#### [Given information]
┄┄┄┄┄┄
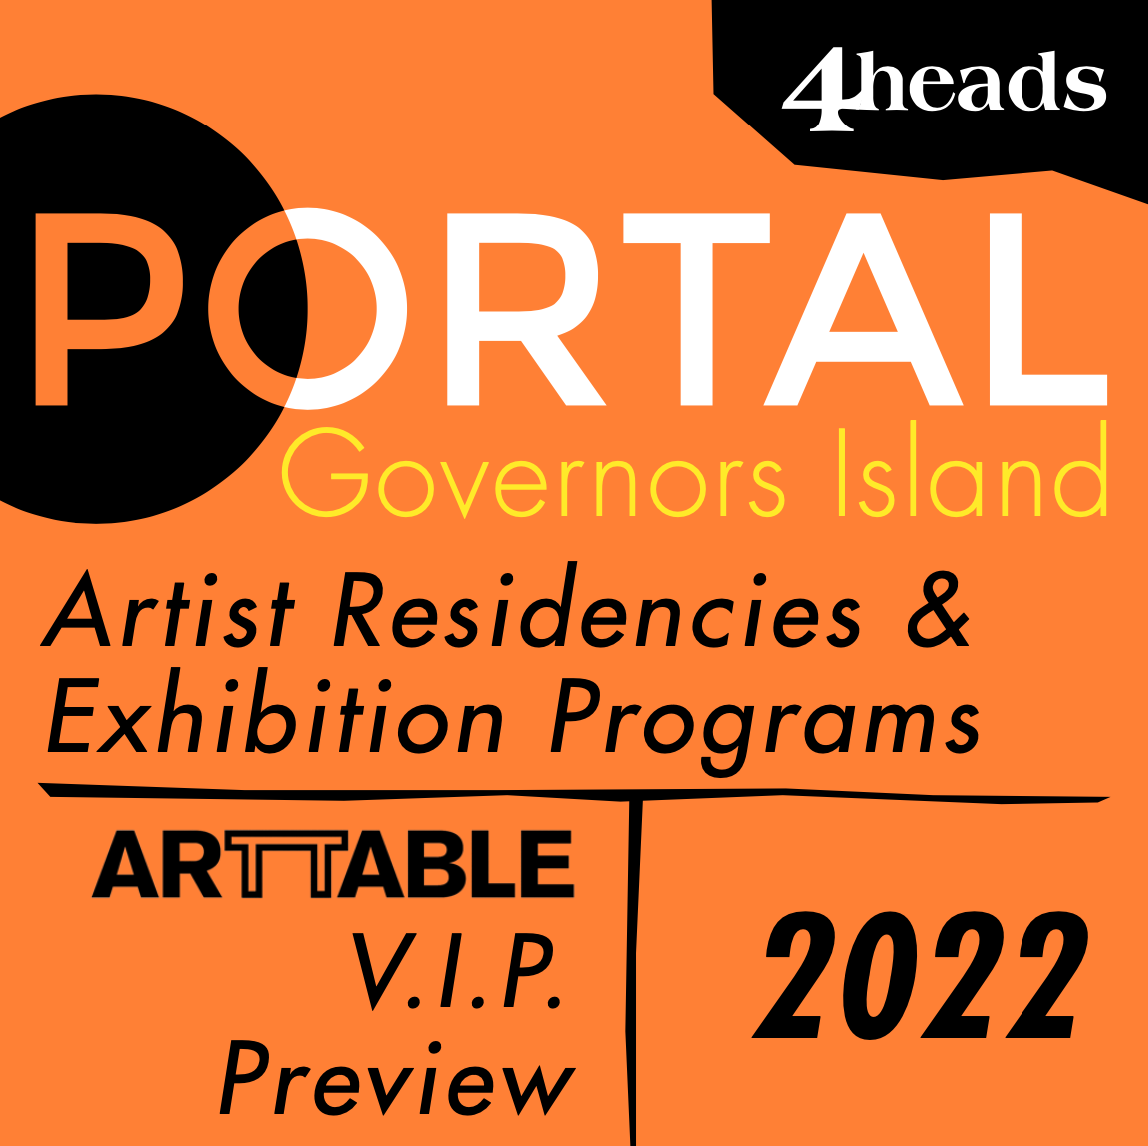 New York | VIP Preview at 4Heads Artists-in-Residence Portal Art Fair on Governors Island
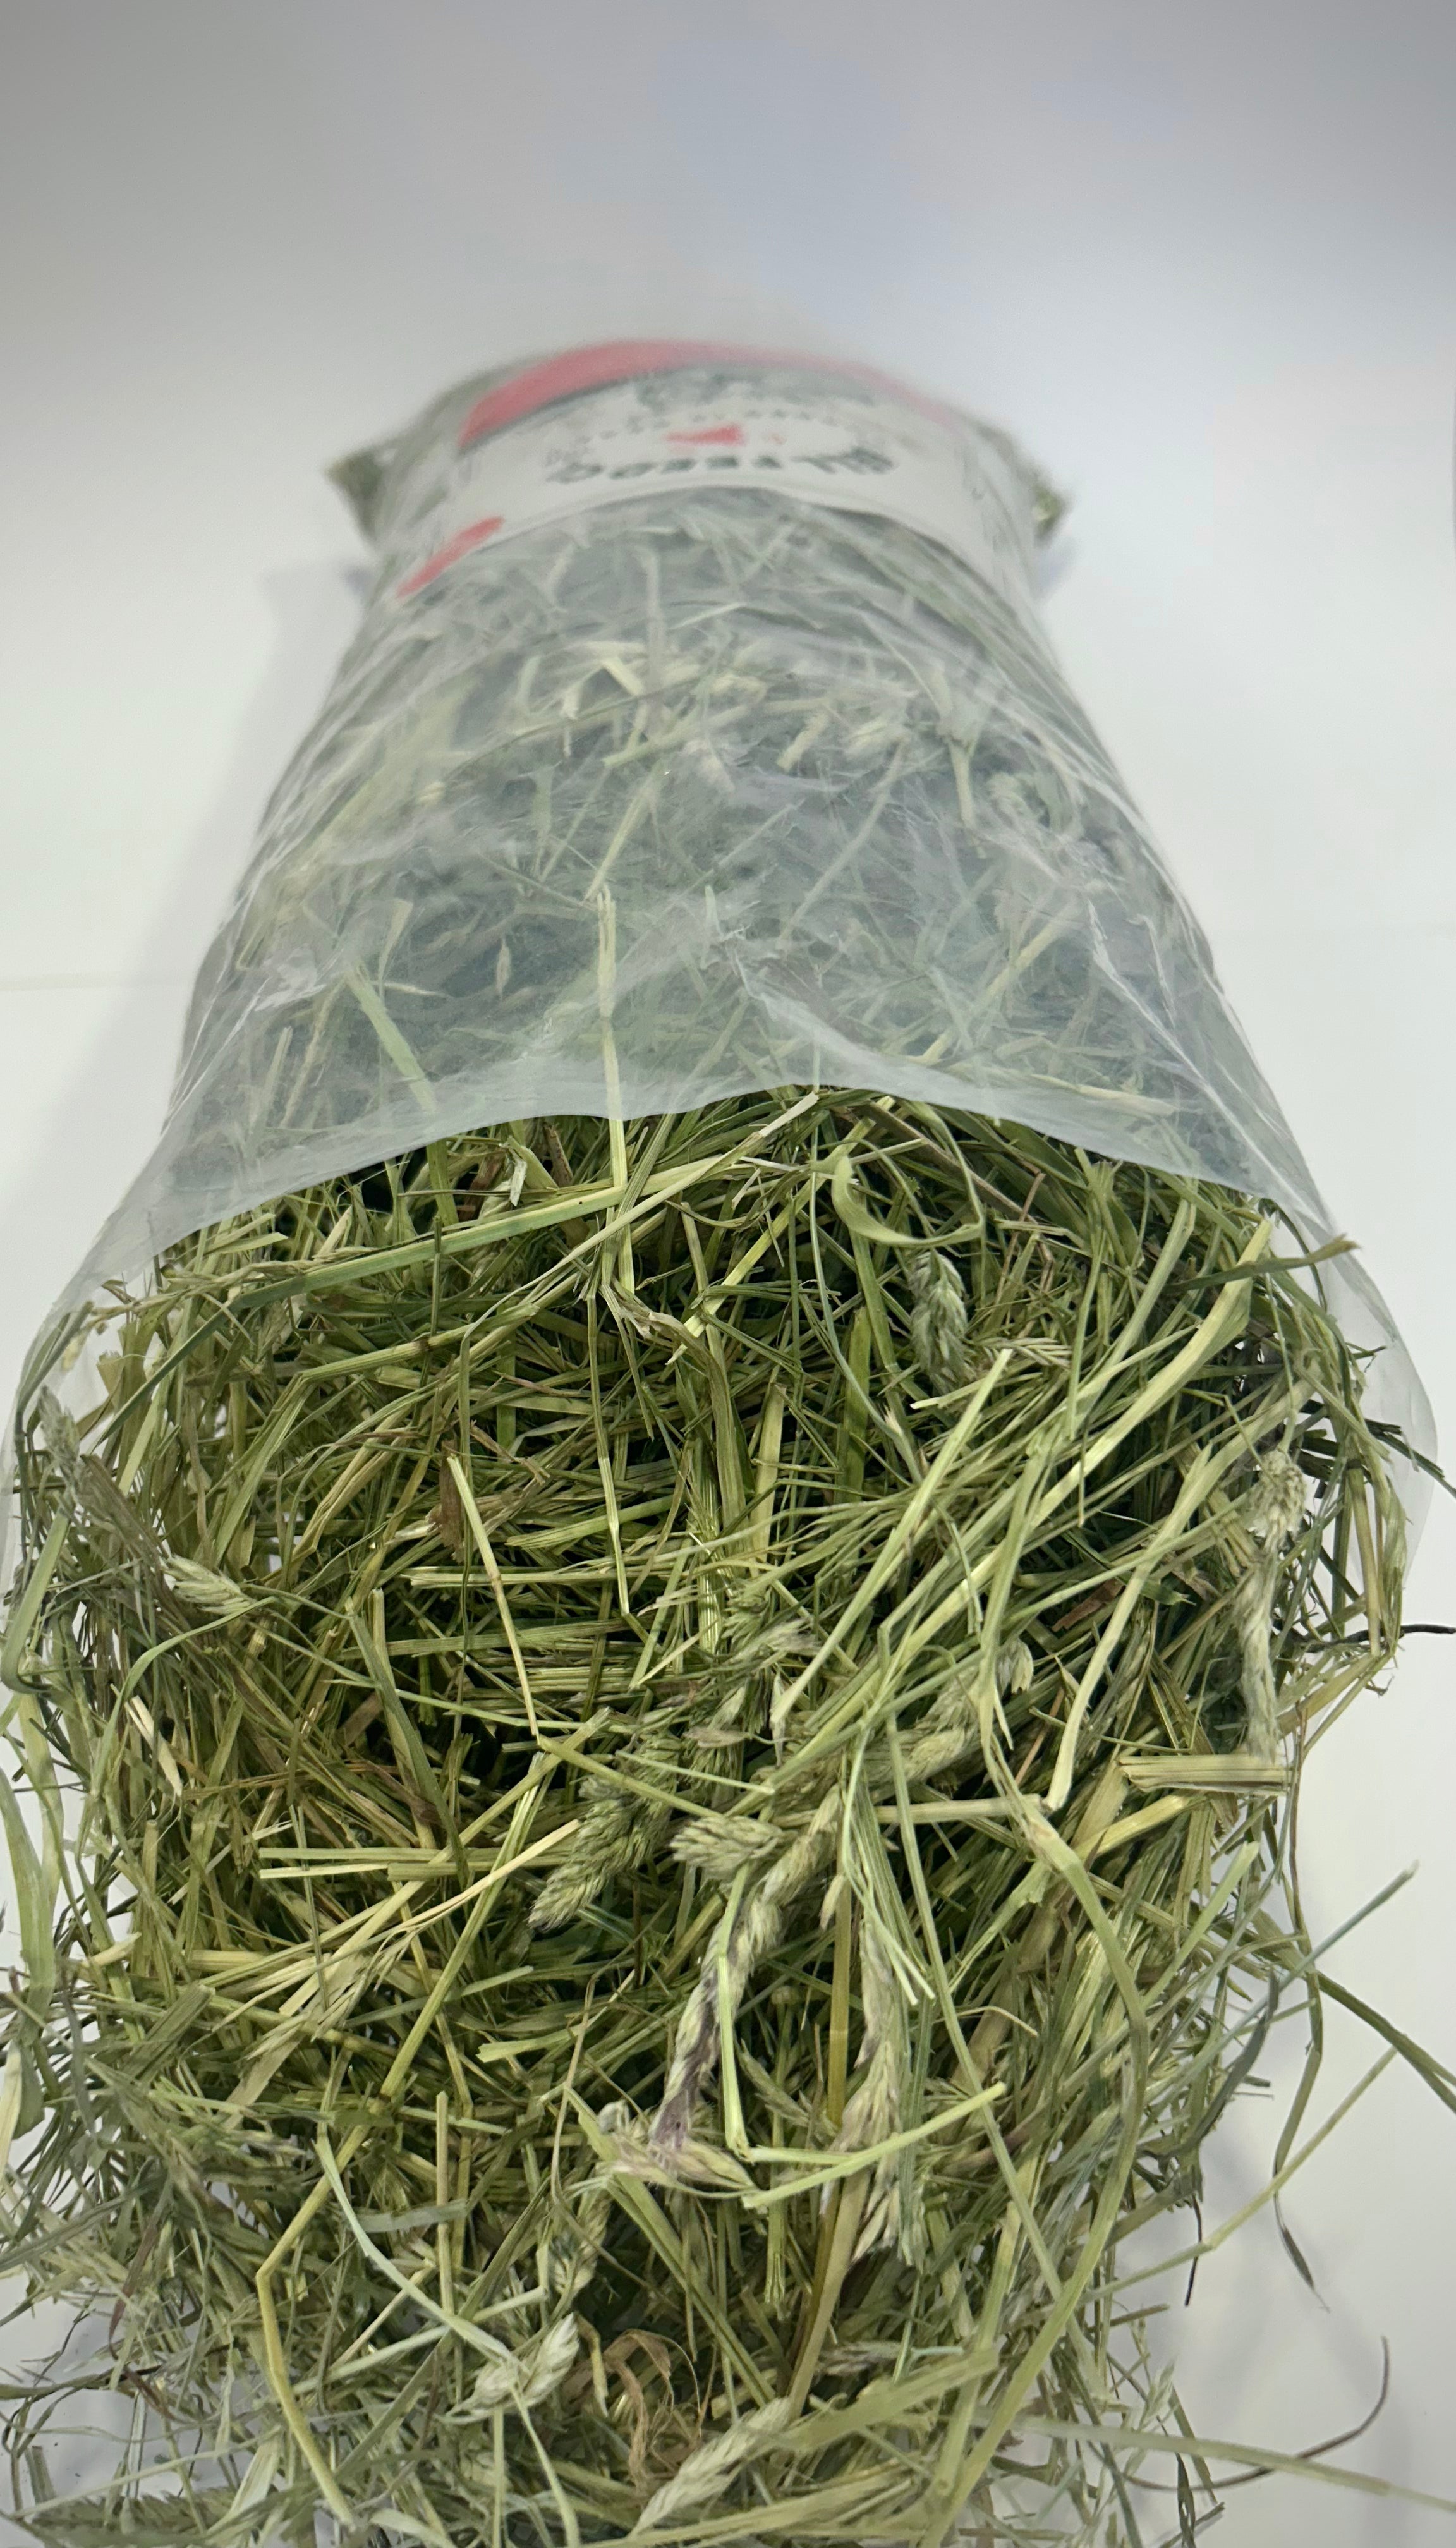 Orchard Grass Small Pet Hay
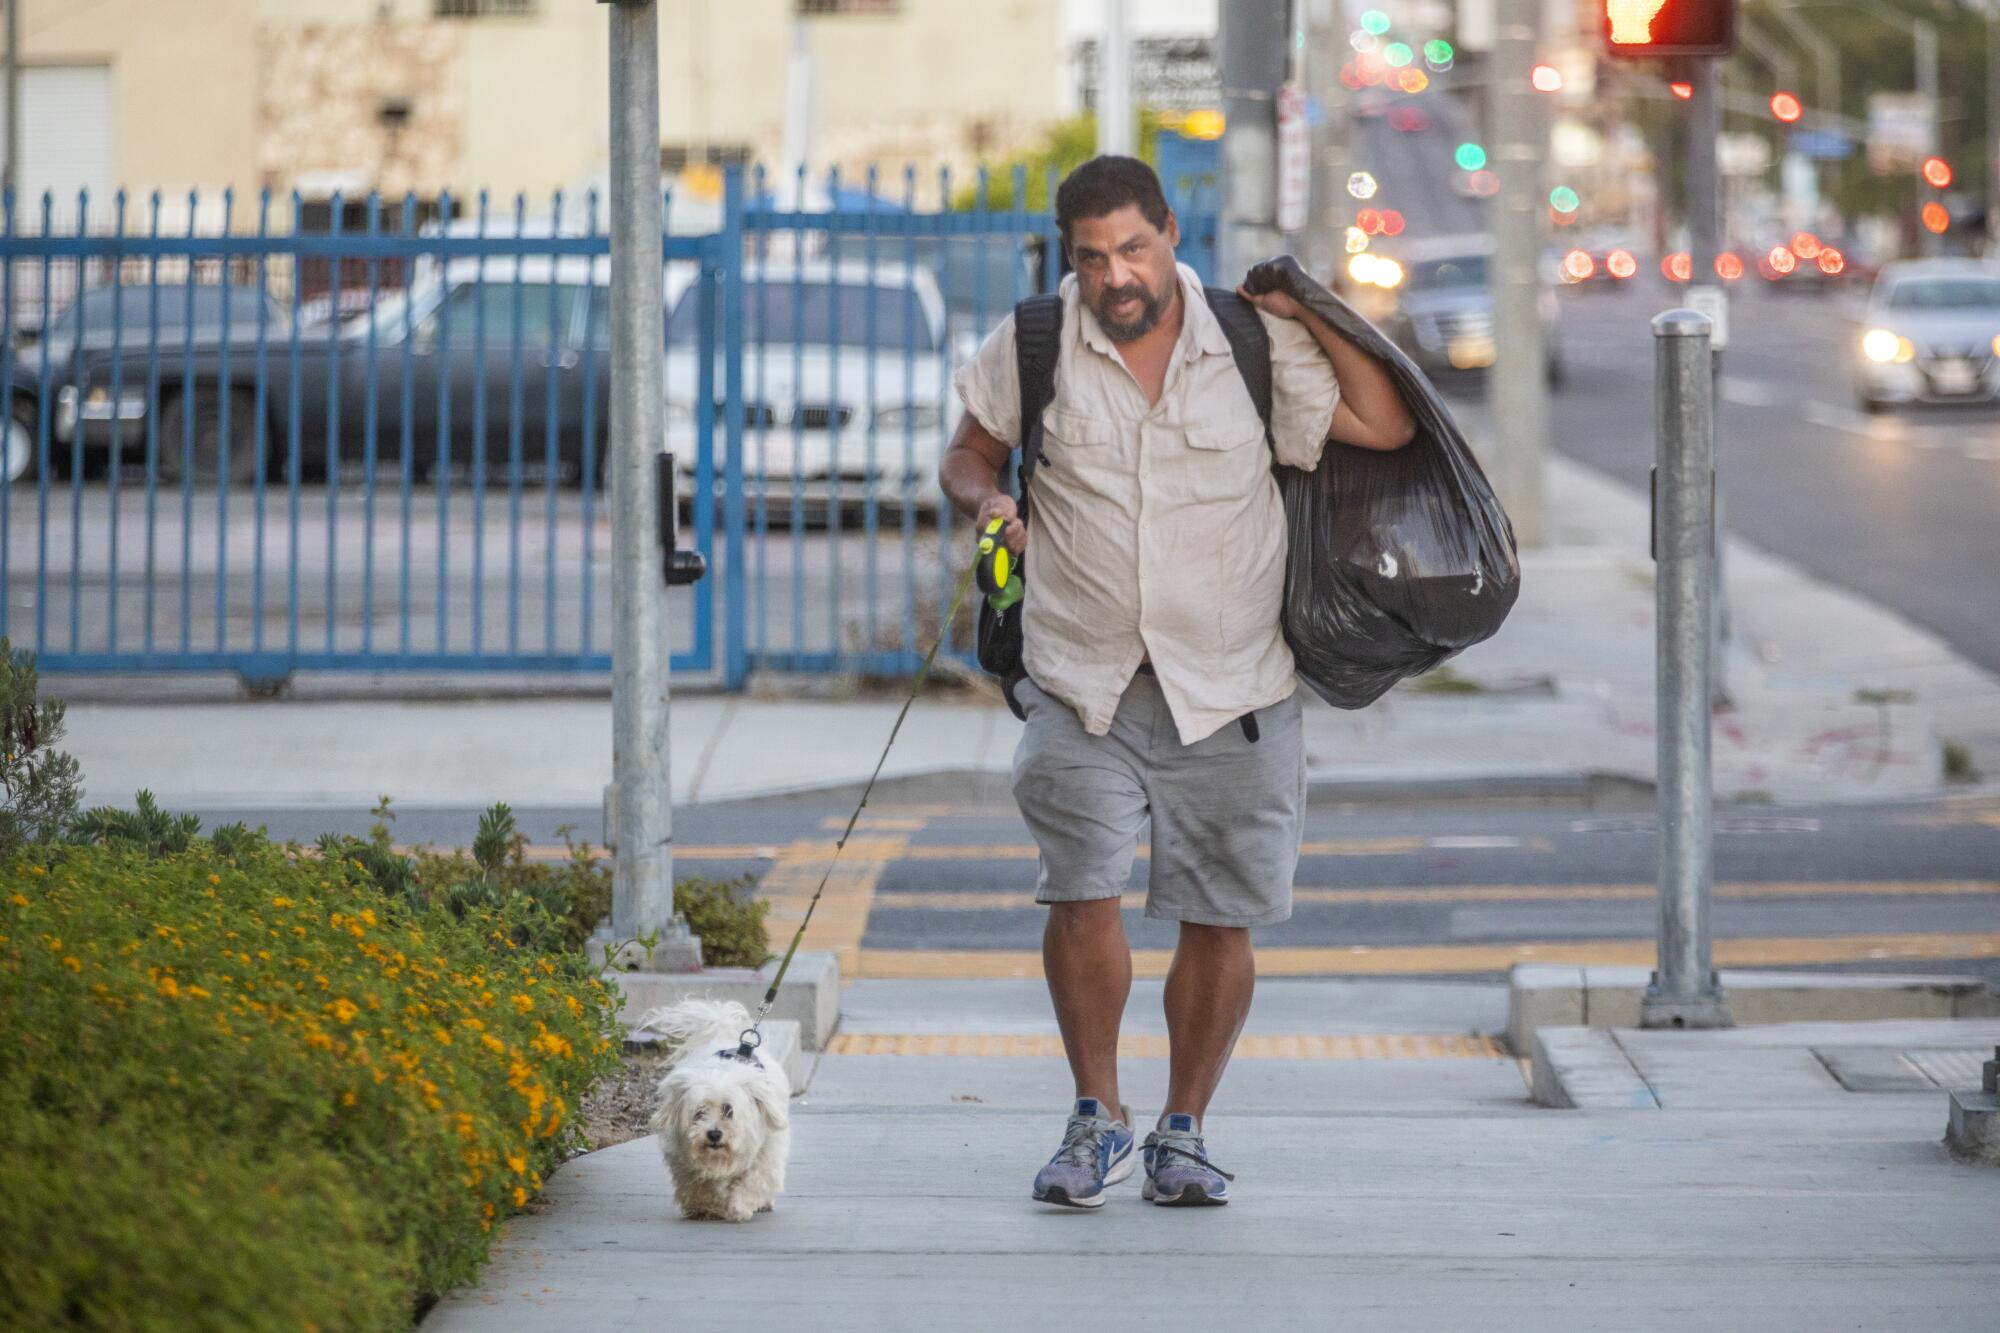 A man walks with a dog and carries a garbage bag
┄┄┄┄┄┄
#### [Directions]
Pictures aside, reproduce all of the material above without alteration.

#### [Answer to the problem]
 New York | VIP Preview at 4Heads Artists-in-Residence Portal Art Fair on Governors Island
 Orchard Grass Small Pet Hay
 A man walks with a dog and carries a garbage bag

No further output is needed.